** Data extract **
========================================

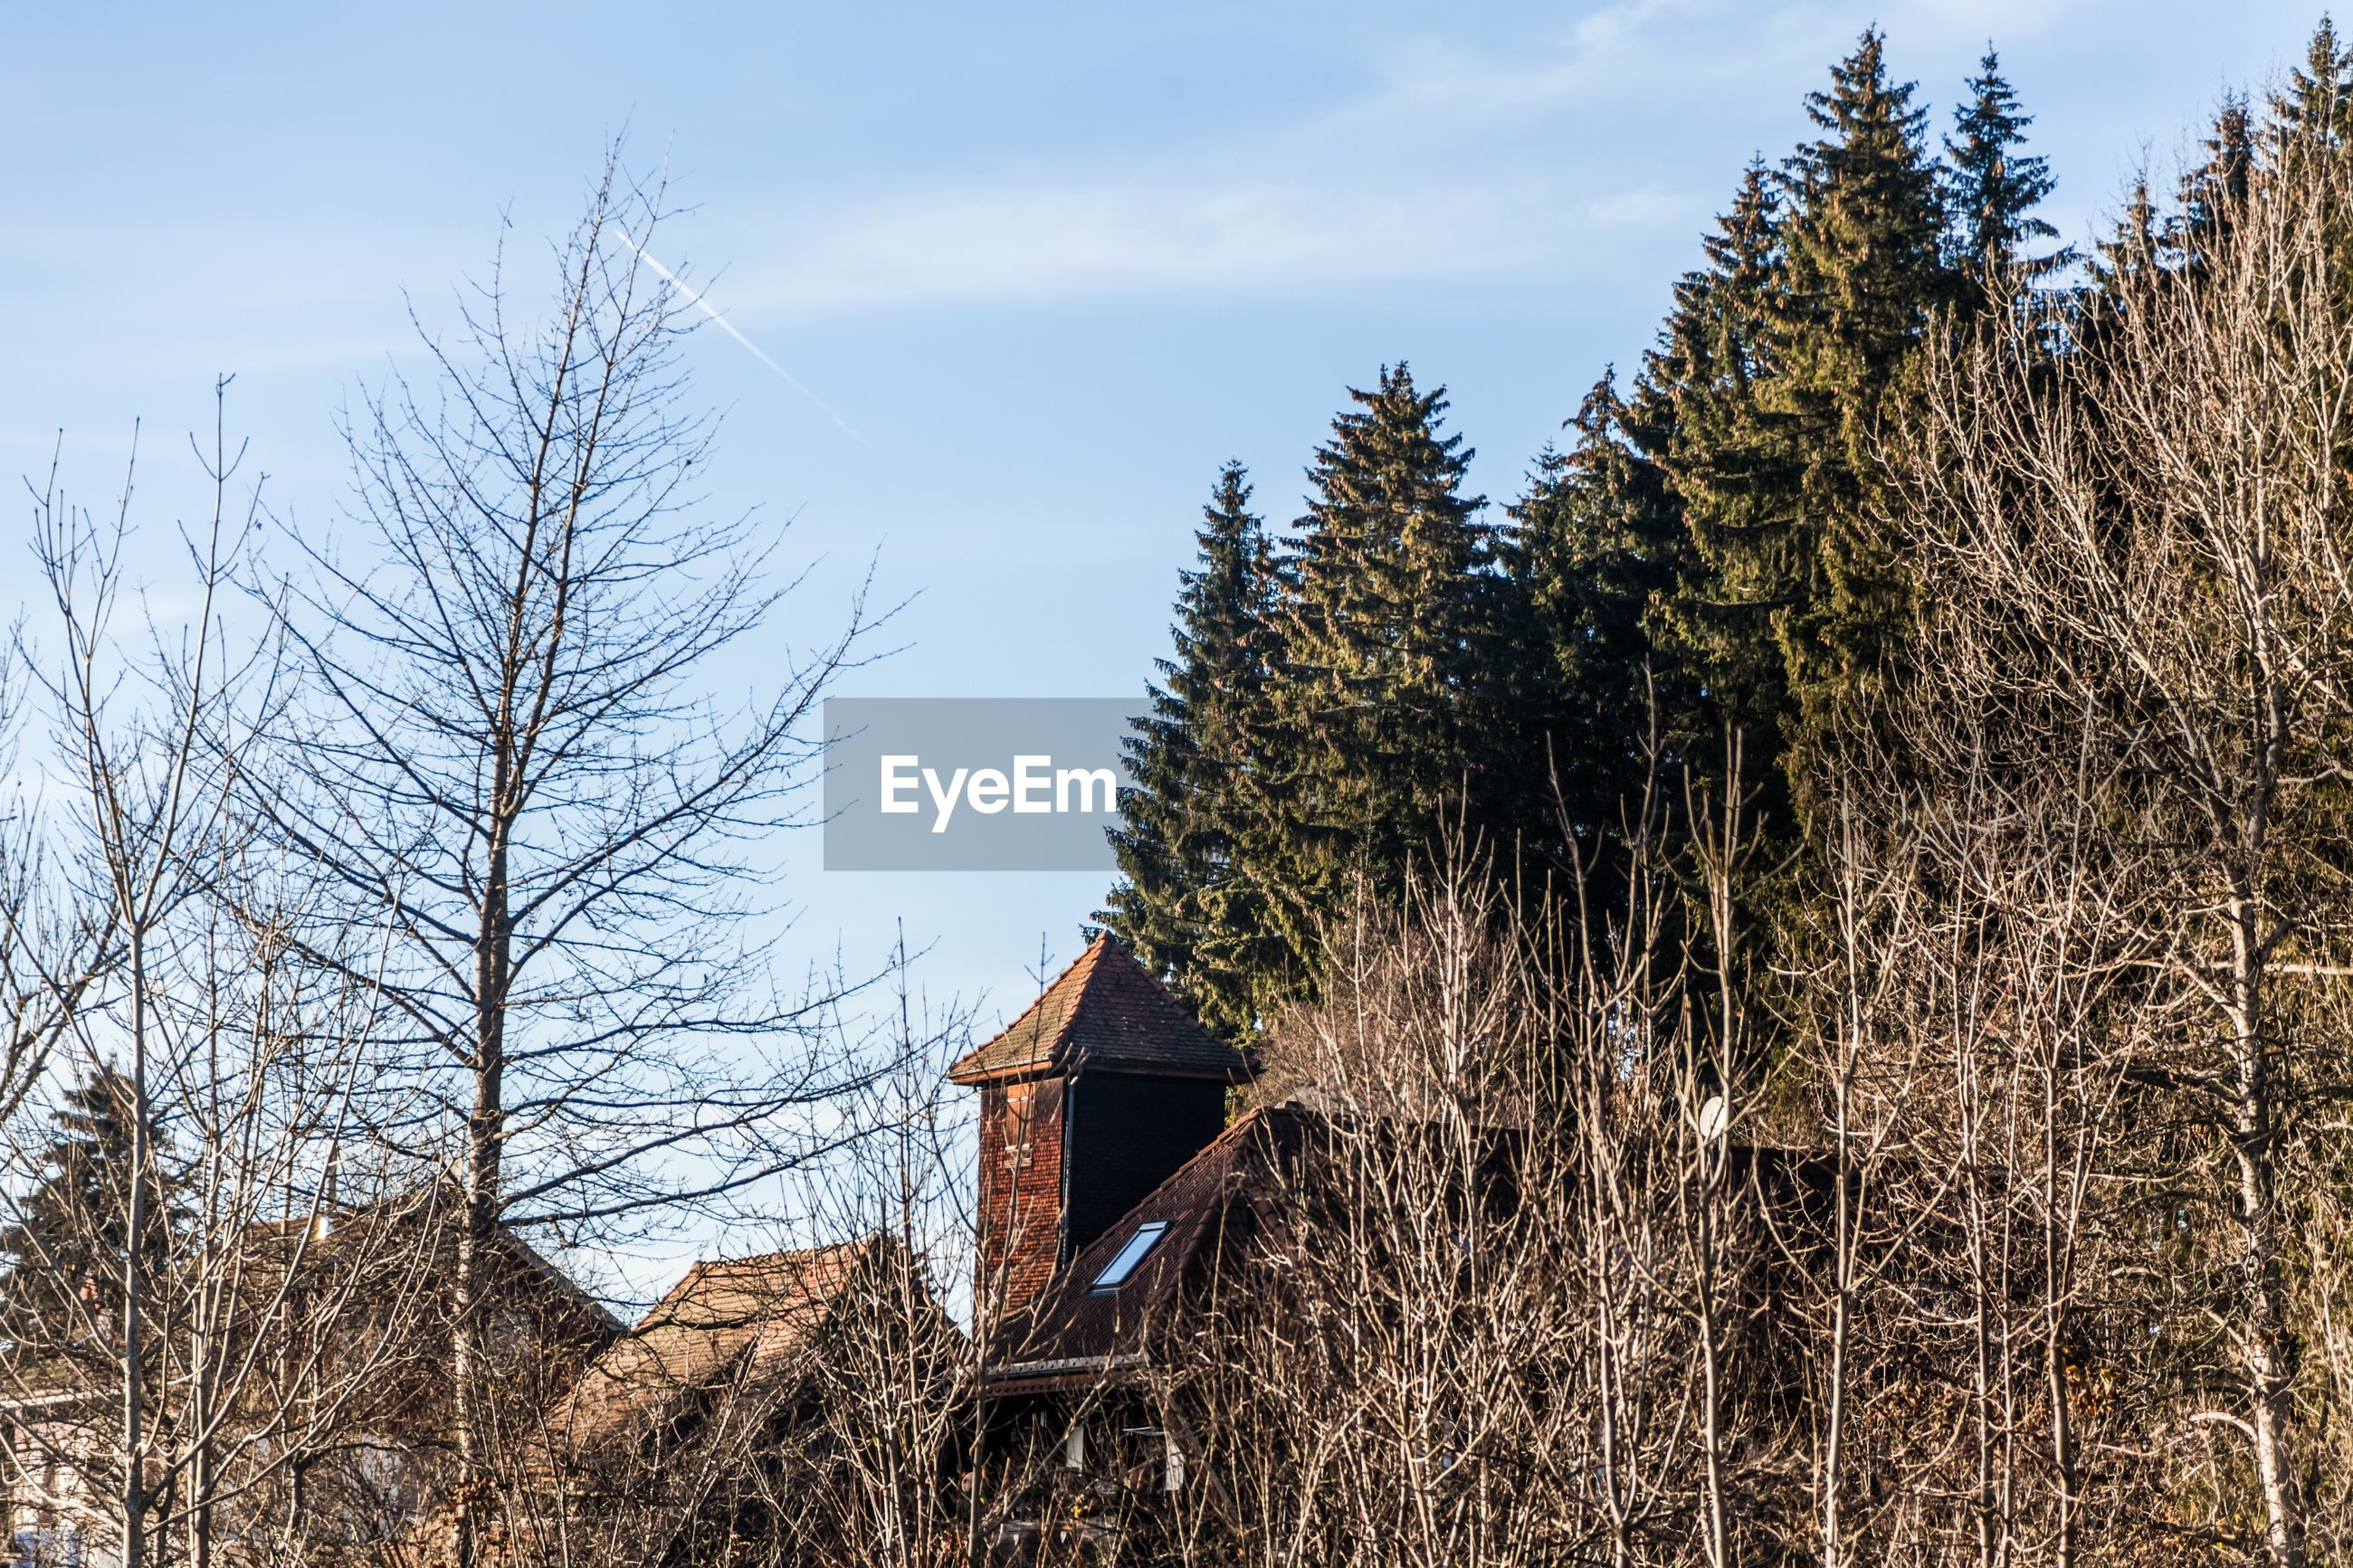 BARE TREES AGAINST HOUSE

========================================

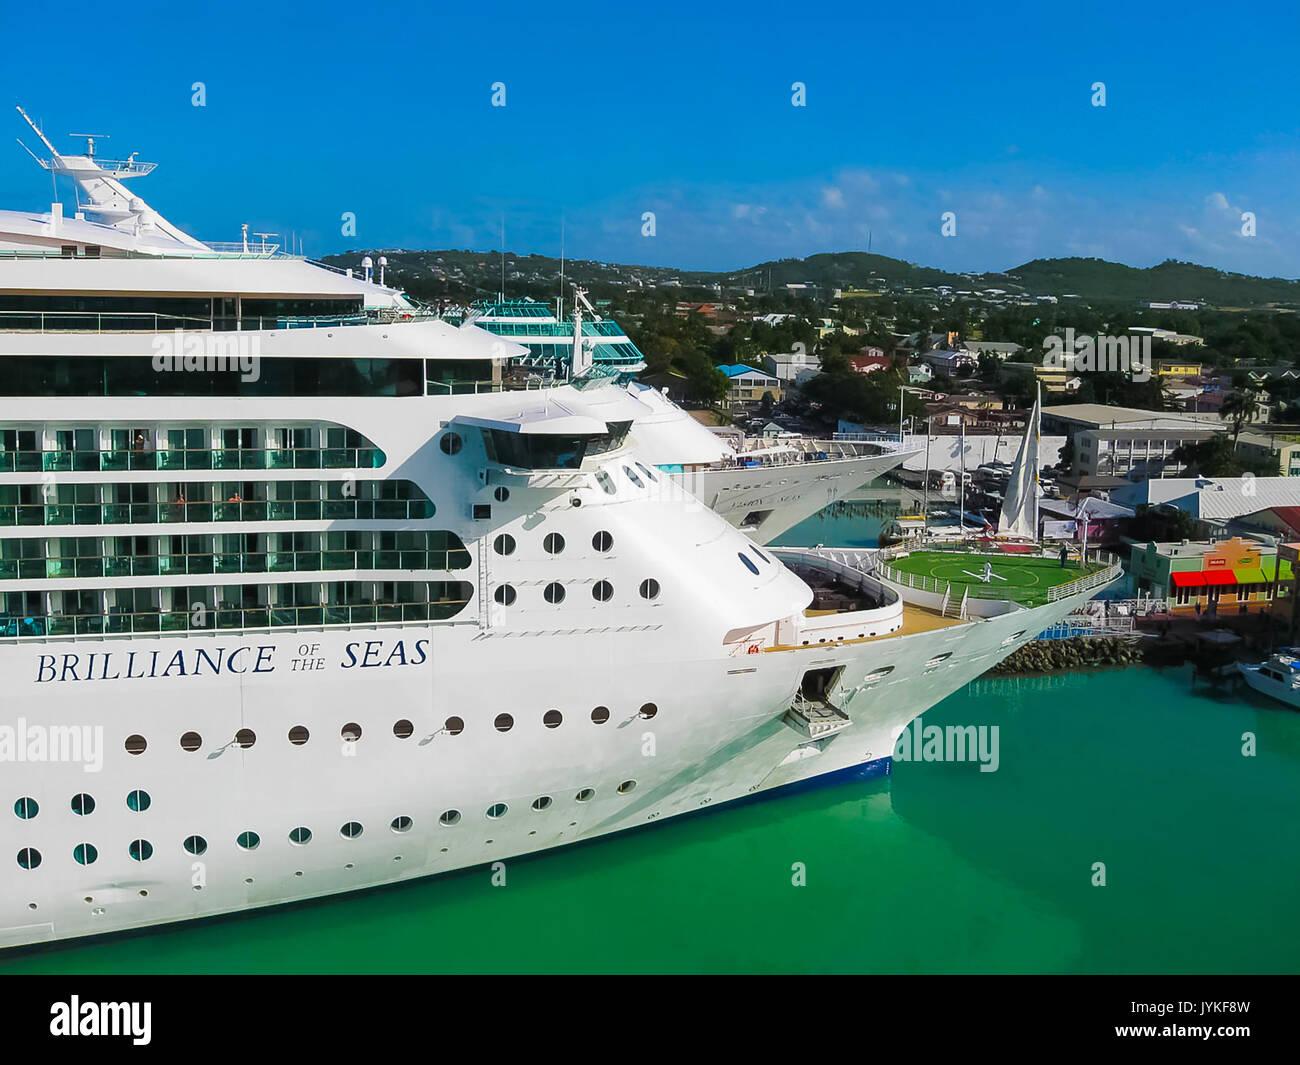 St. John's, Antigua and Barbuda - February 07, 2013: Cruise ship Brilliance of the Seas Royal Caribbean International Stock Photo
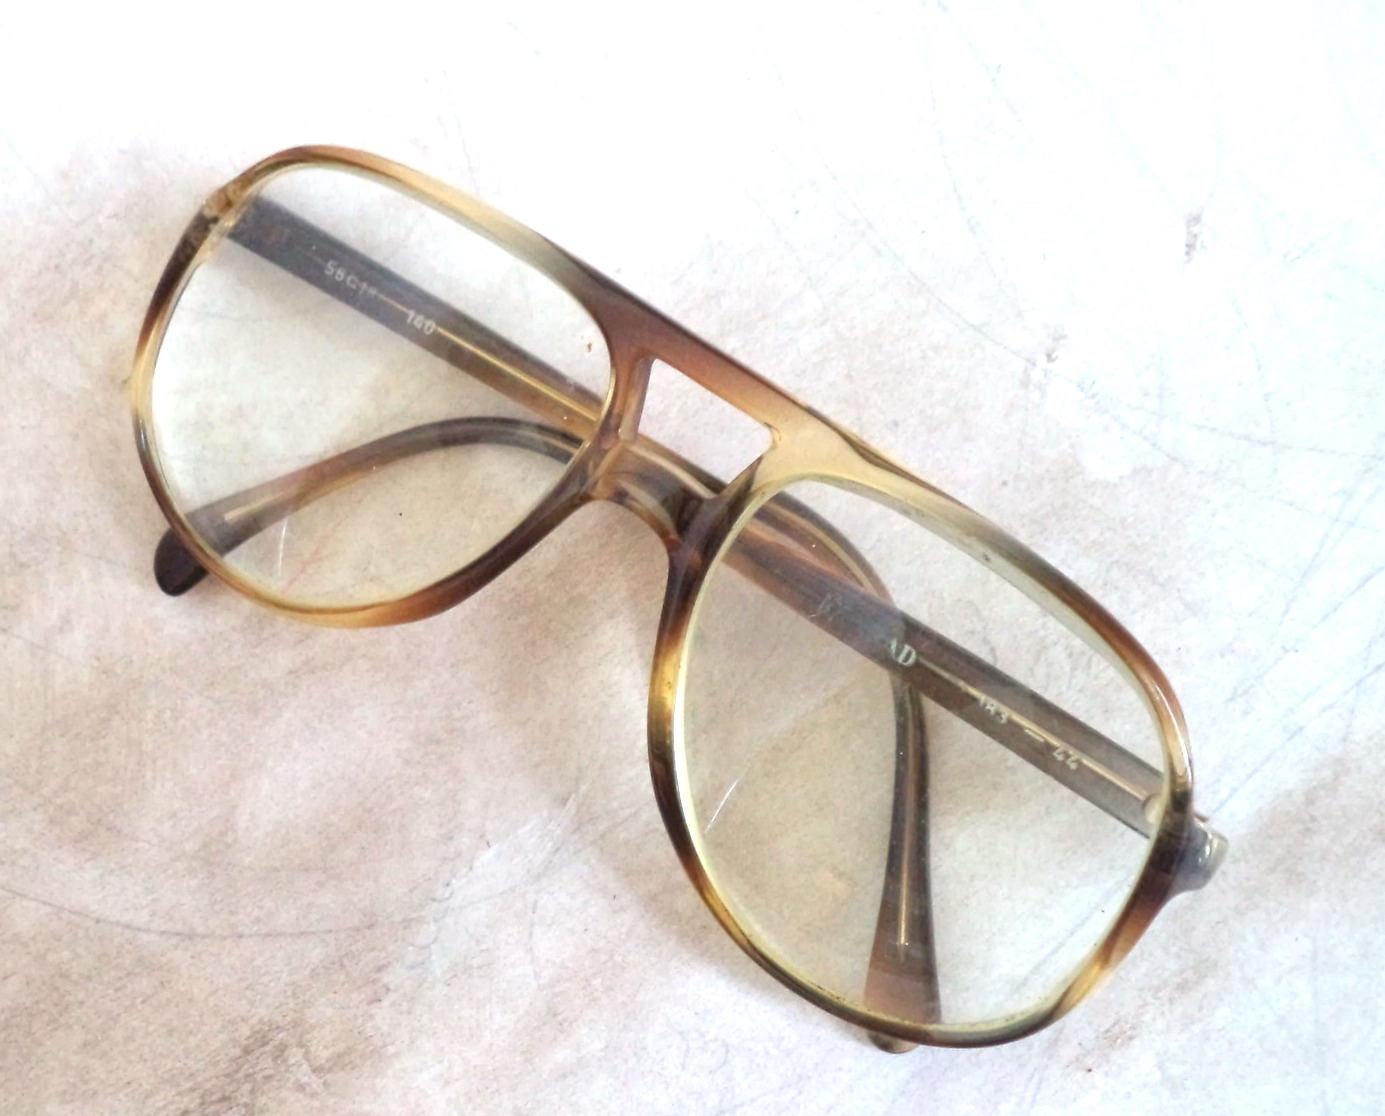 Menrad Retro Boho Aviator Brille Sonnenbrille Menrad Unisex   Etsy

========================================

** Your assignment **
Only the lines above from the one containing "St. John's, Antigua" through the one containing "Menrad Retro Boho" should be returned, verbatim and inclusive, with pictures excluded.

** Task answer **
 St. John's, Antigua and Barbuda - February 07, 2013: Cruise ship Brilliance of the Seas Royal Caribbean International Stock Photo
 Menrad Retro Boho Aviator Brille Sonnenbrille Menrad Unisex   Etsy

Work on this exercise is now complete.